*WHAT NEEDS TO BE DONE:* In your copy of the data, omit the pictures and keep all else exactly as given.

*COLLECTED DATA:*
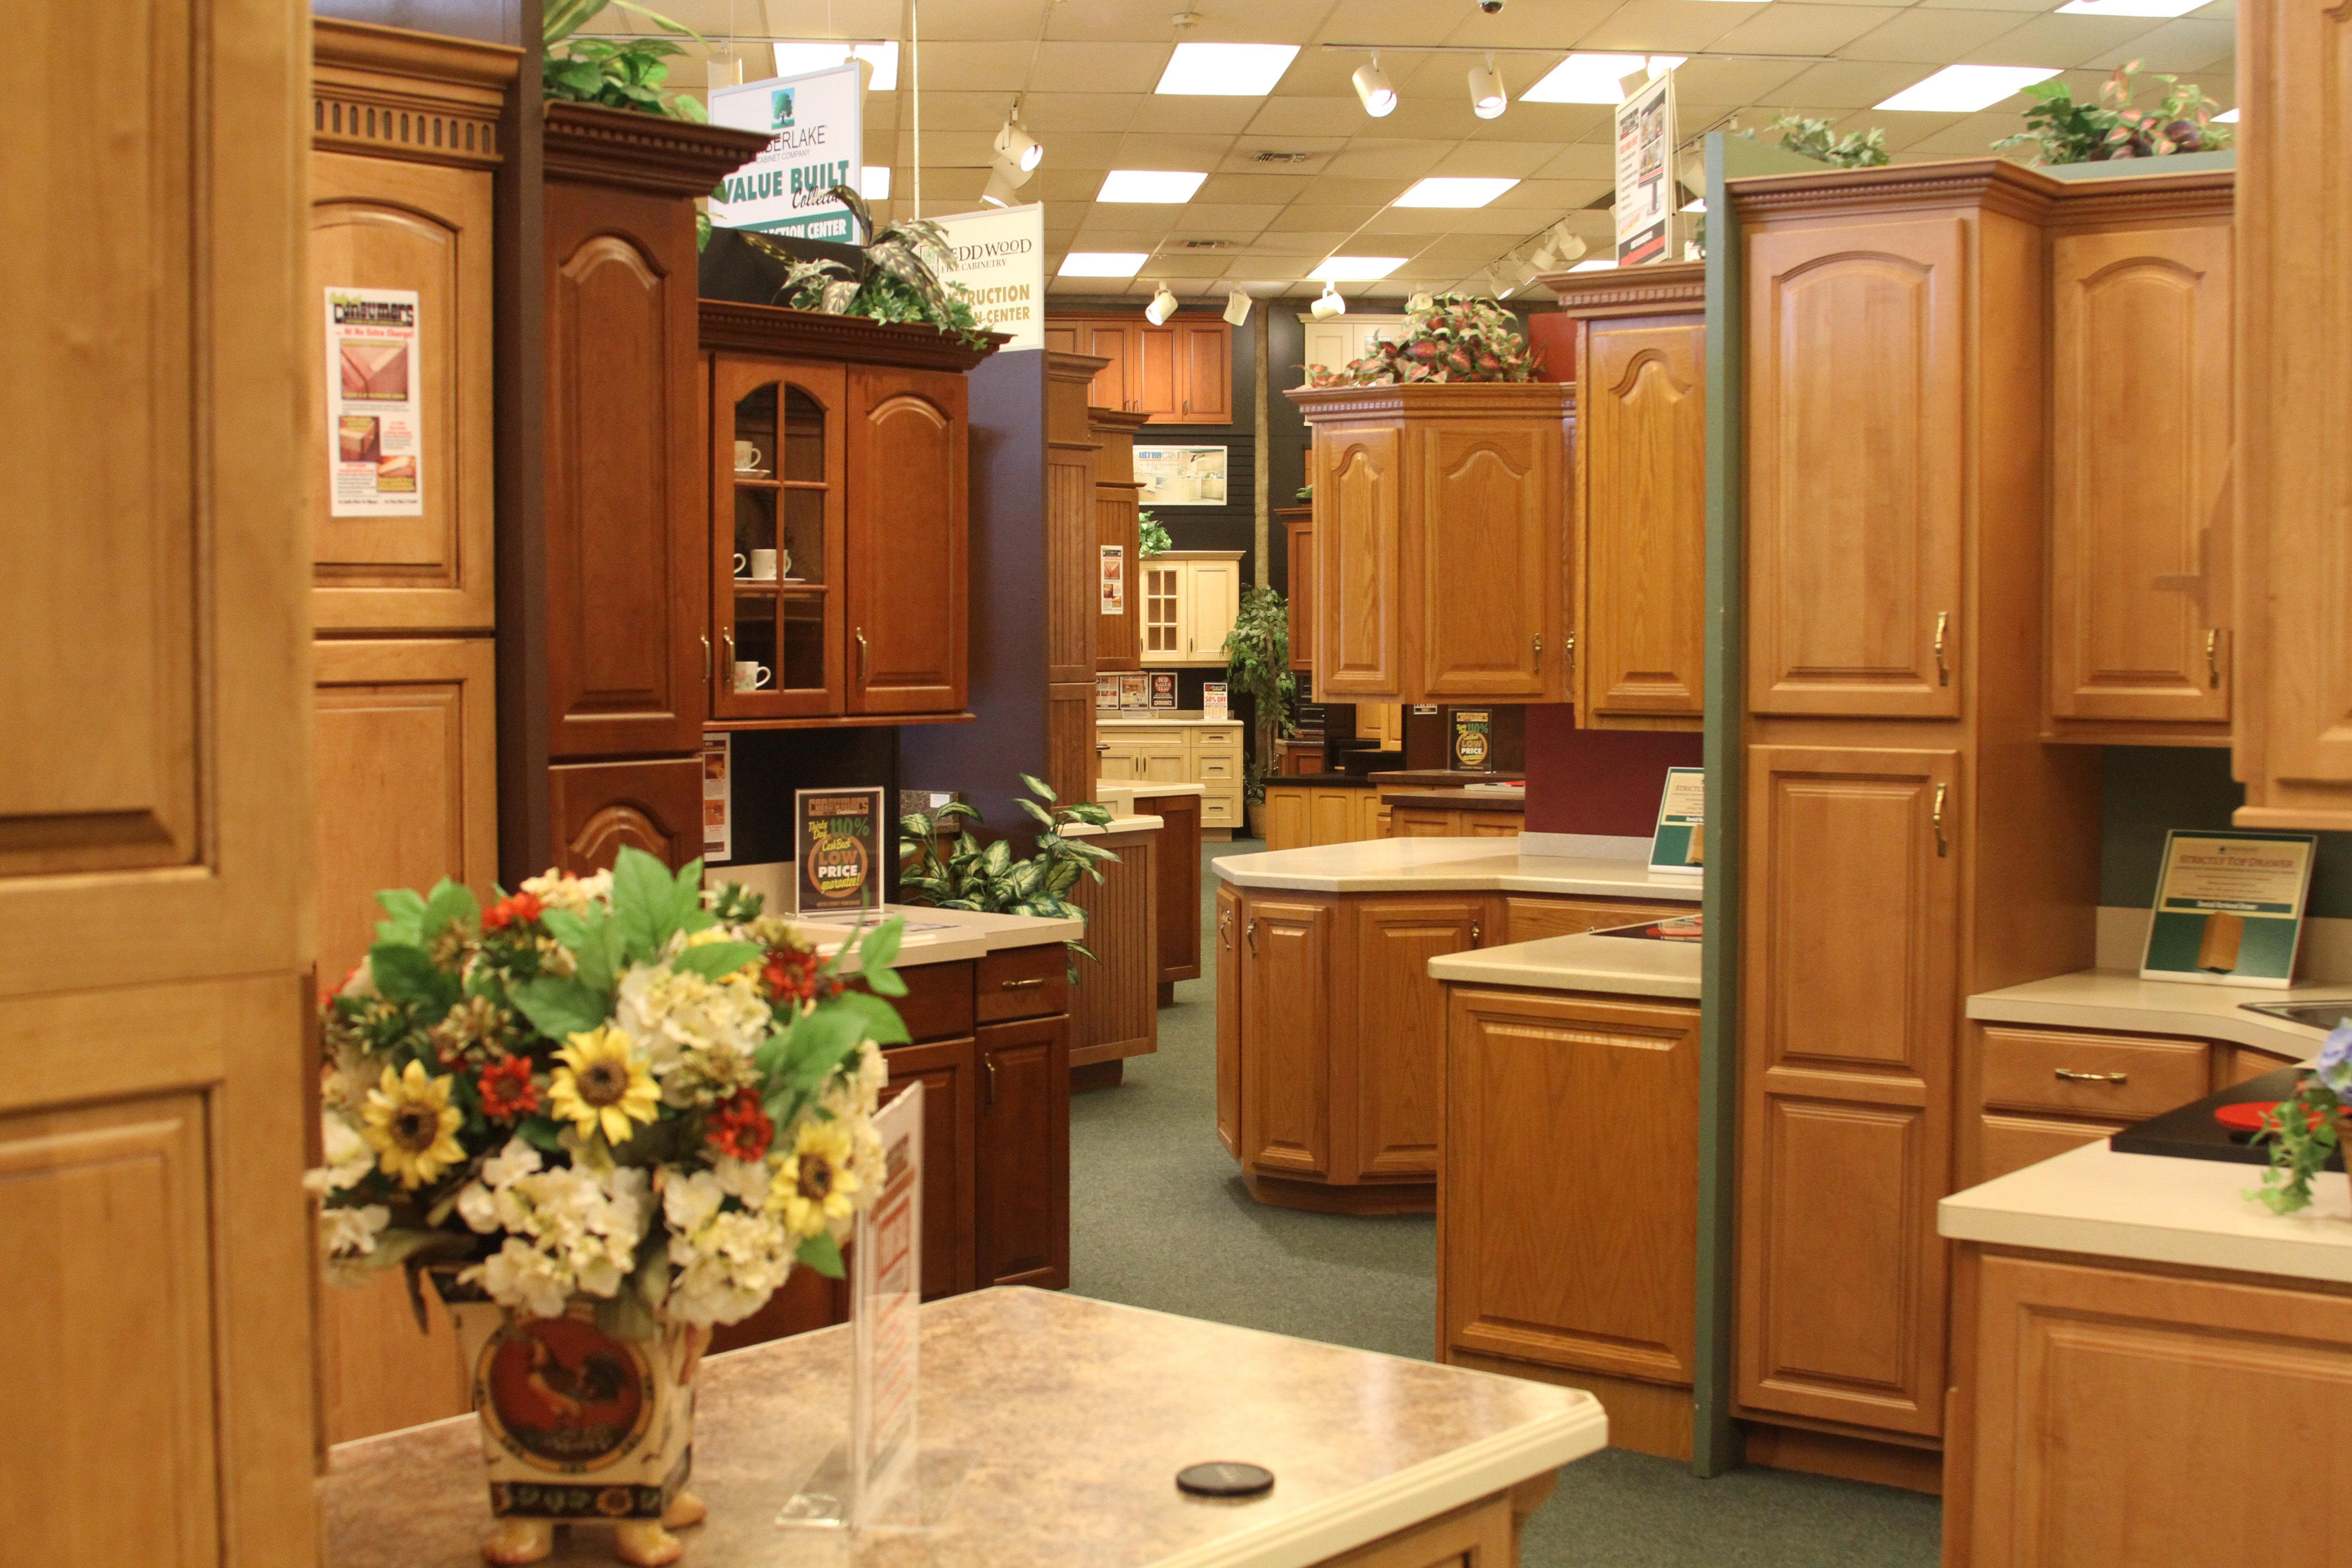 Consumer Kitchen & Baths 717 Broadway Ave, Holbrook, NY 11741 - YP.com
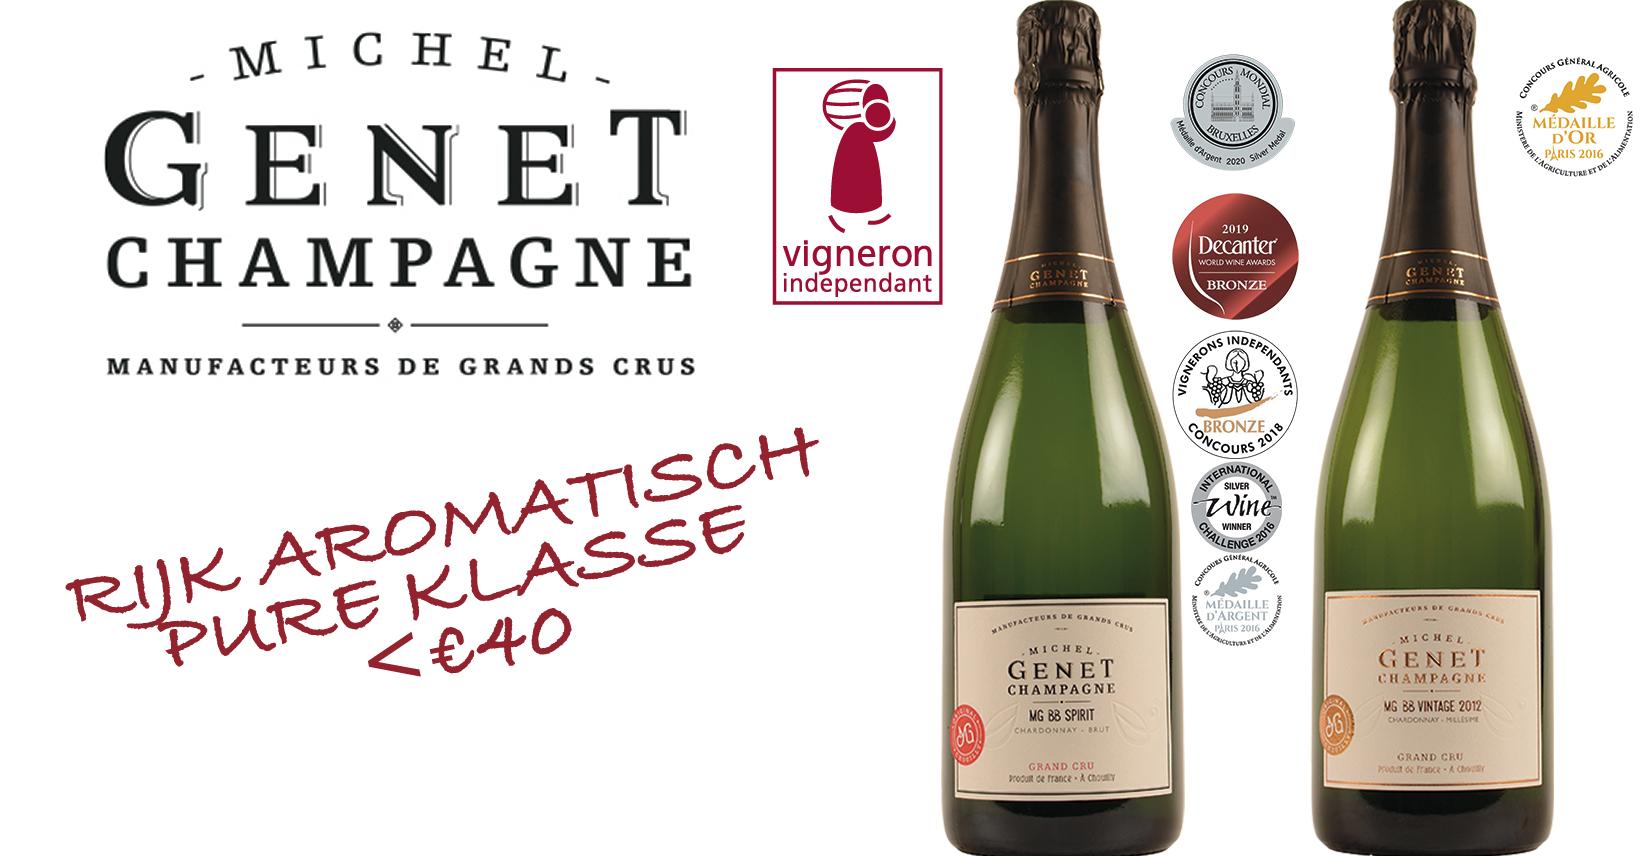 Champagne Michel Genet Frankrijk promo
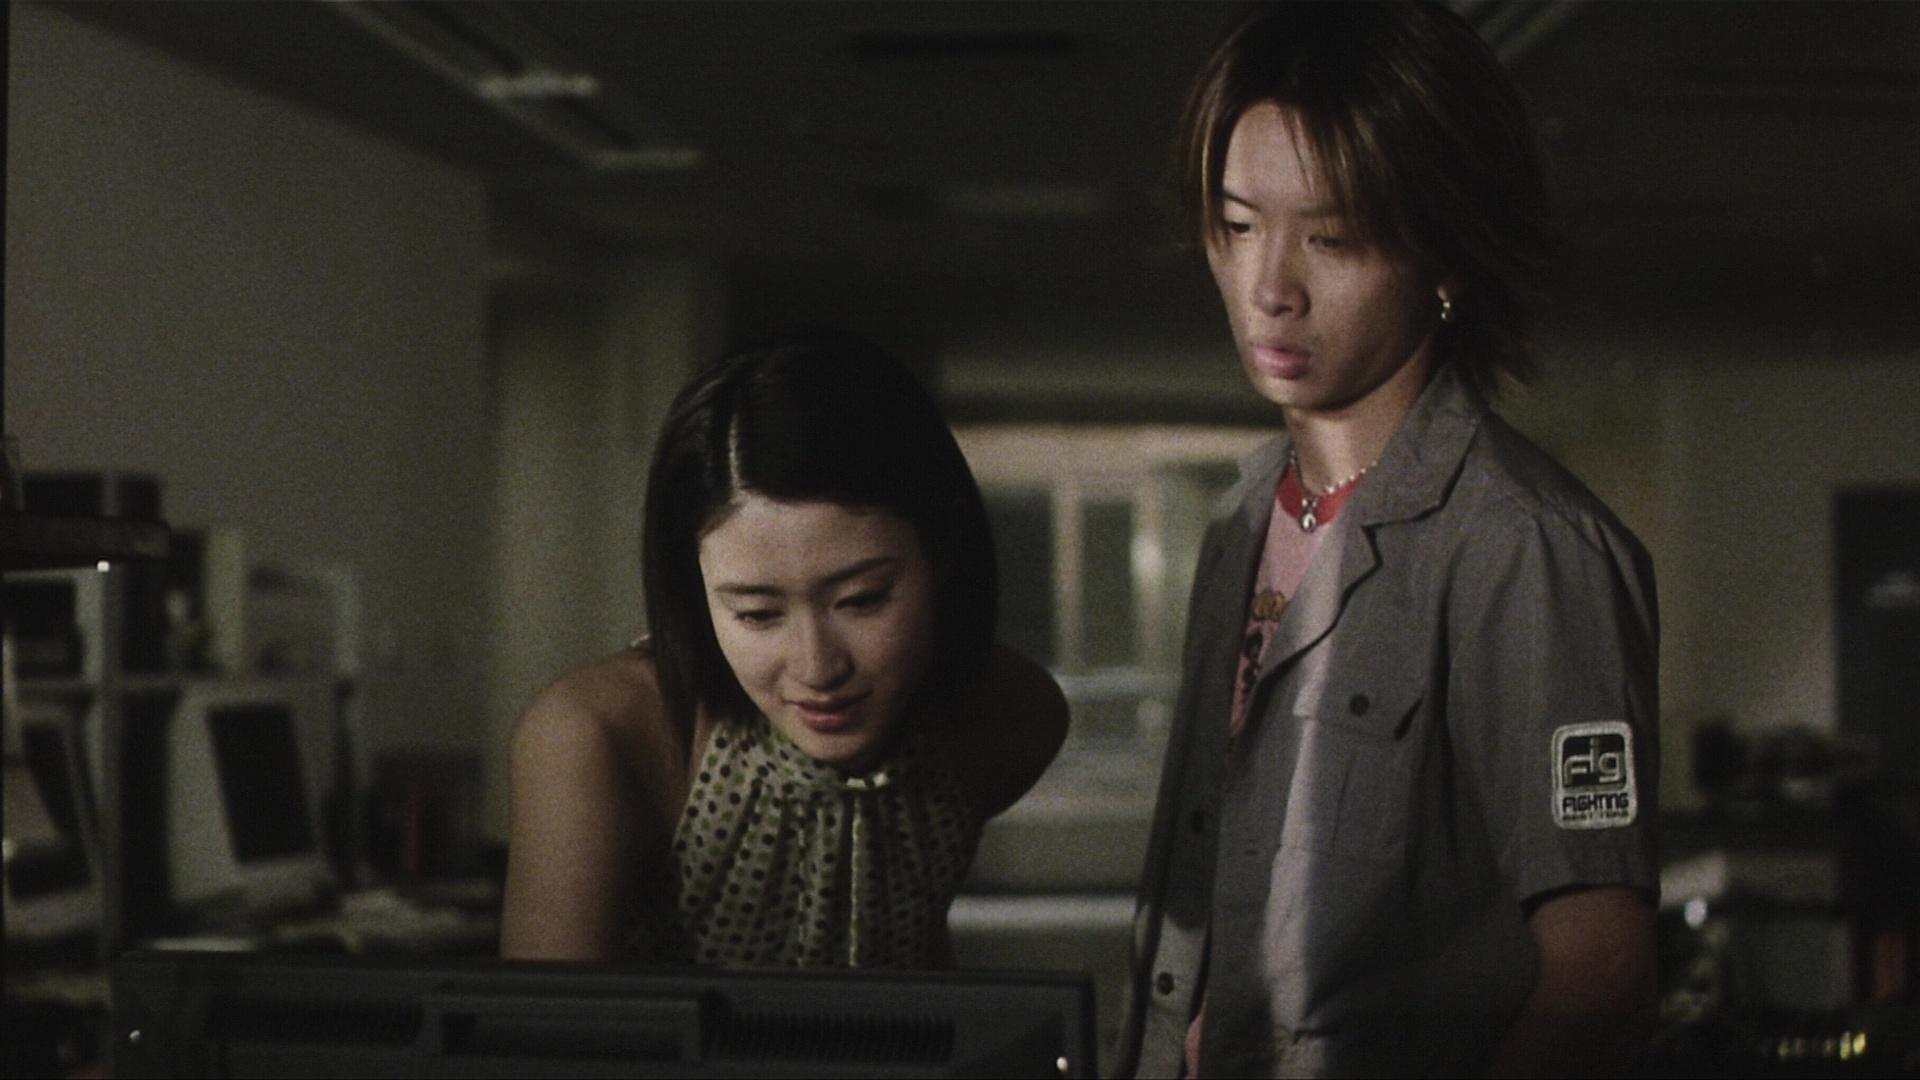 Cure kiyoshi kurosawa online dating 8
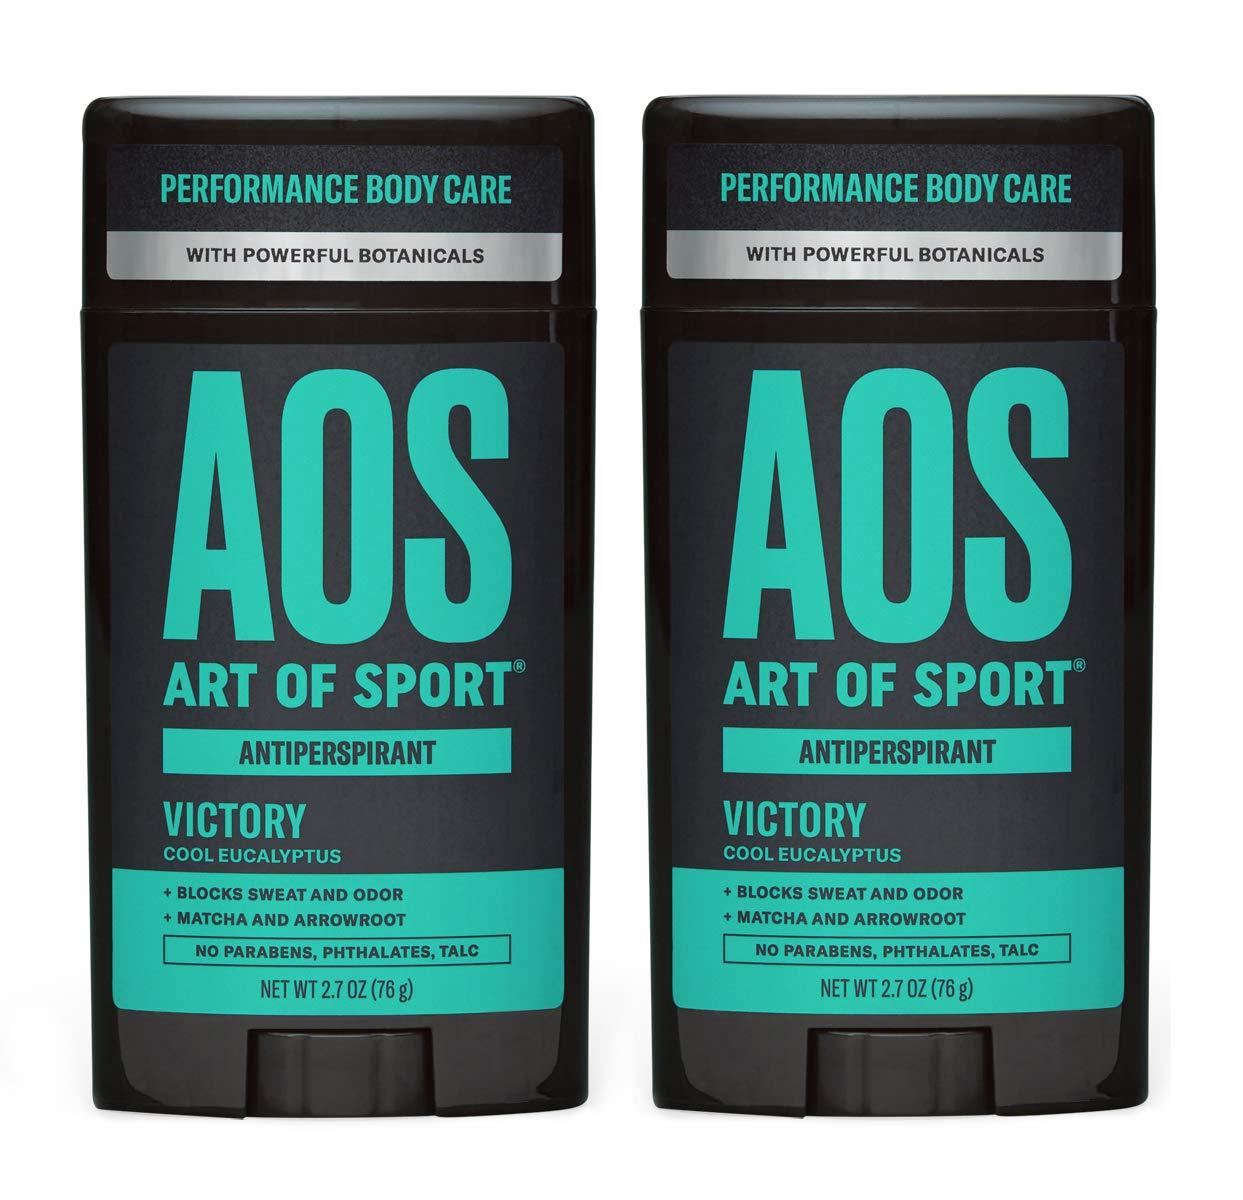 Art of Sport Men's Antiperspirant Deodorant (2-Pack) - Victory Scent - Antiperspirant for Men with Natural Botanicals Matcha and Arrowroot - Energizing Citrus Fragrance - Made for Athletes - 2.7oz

*FINISHED TASK:*
 Consumer Kitchen & Baths 717 Broadway Ave, Holbrook, NY 11741 - YP.com
 Champagne Michel Genet Frankrijk promo
 Cure kiyoshi kurosawa online dating 8
 Art of Sport Men's Antiperspirant Deodorant (2-Pack) - Victory Scent - Antiperspirant for Men with Natural Botanicals Matcha and Arrowroot - Energizing Citrus Fragrance - Made for Athletes - 2.7oz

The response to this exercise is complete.